Keywords: MIC; GC-MS; Glycosides; C. spiralis var. spiralis; C. retrospiralis
Plant kingdom harbors an inexhaustible source of active ingredients invaluable in the management of many diseases. These active components of herbal remedies have an advantage of being in combination with many other substances that appear to be inactive [1]. In recent years, multiple drug resiatance has developed due to indiscriminate use of existing antimicrobial drugs in the treatment of infectious diseases [2]. This has led to search for new antimicrobial substances from various sources like the Med plants. The screening of plant extracts and plant products for antimicrobial activity has shown that they represent a potential source of novel antibiotic prototypes [3]. A number of evidences have been accumulated to demonstrate the promising potentials of Med plants used in various traditional, complementary and alternative systems [4]. The need of the hour is to screen a number of Med plants for promising antimicrobial activity.
Cryptocoryne spiralis (Retz) Fischer ex Wydler var. spiralis and Cryptocoryne retrospiralis (Roxb) Kunth (Araceae) are commonly found at margins of ditches or sandy soil of the river, gravelly river beds also growing on open situations on plateaus of higher altitude. They are widely distributed in India from Maharashtra to North Karnataka, Kerala, Coromandel Coast, Pondicherry, Bengal and Assam.
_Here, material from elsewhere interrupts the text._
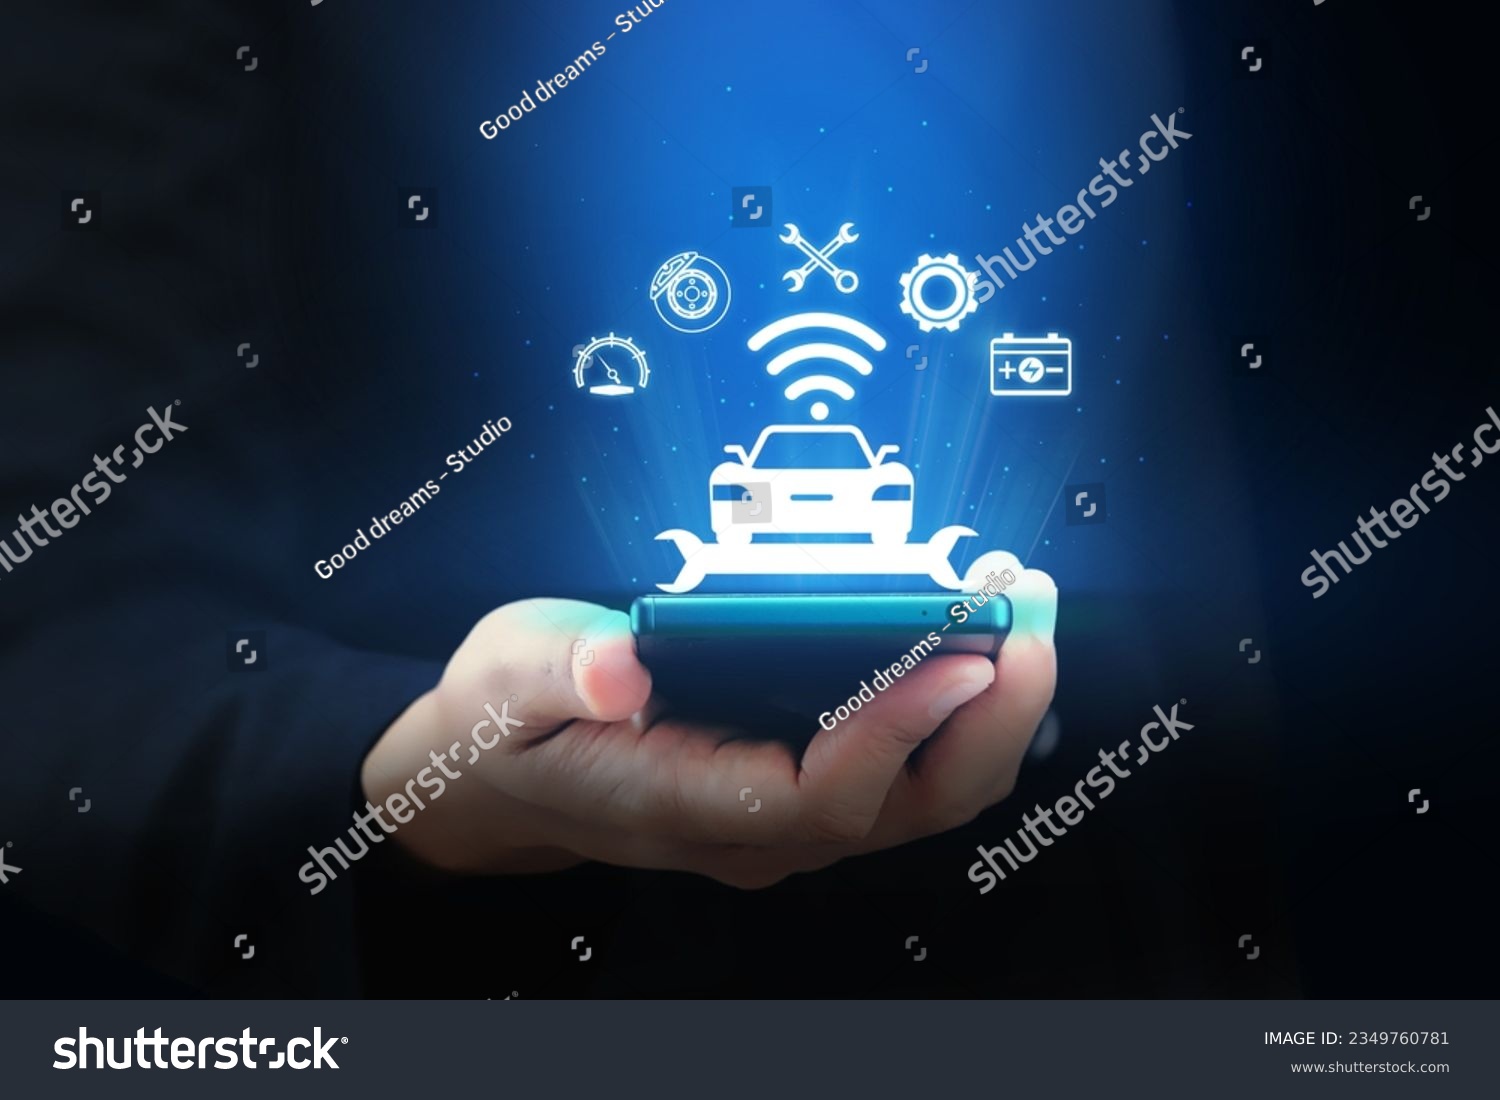 Intelligent car app on smartphone concept, Car app connect, a smart car companion, conveys the idea of an intelligent mobile app for cars. Car service app alert. #2349760781

The rhizome of these plants are used by the traditional healers for the treatment of diarrhoea, fever and jaundice, burns and boils [5,6]. Prasad et al. showed that, Cryptocoryne spiralis var. spiralis was widely used as a substitute of highly expensive Aconitum heterophyllum Wall. for the treatment of diarrhea as well as cough, abdominal complaints, fever and in case of remedy for infantile vomiting [7].
In the present investigation, two species of Cryptocoryne genus i.e., Cryptocoryne spiralis var. spiralis and Cryptocoryne retrospiralis were selected to screen bioactive phytochemical and their antibacterial property.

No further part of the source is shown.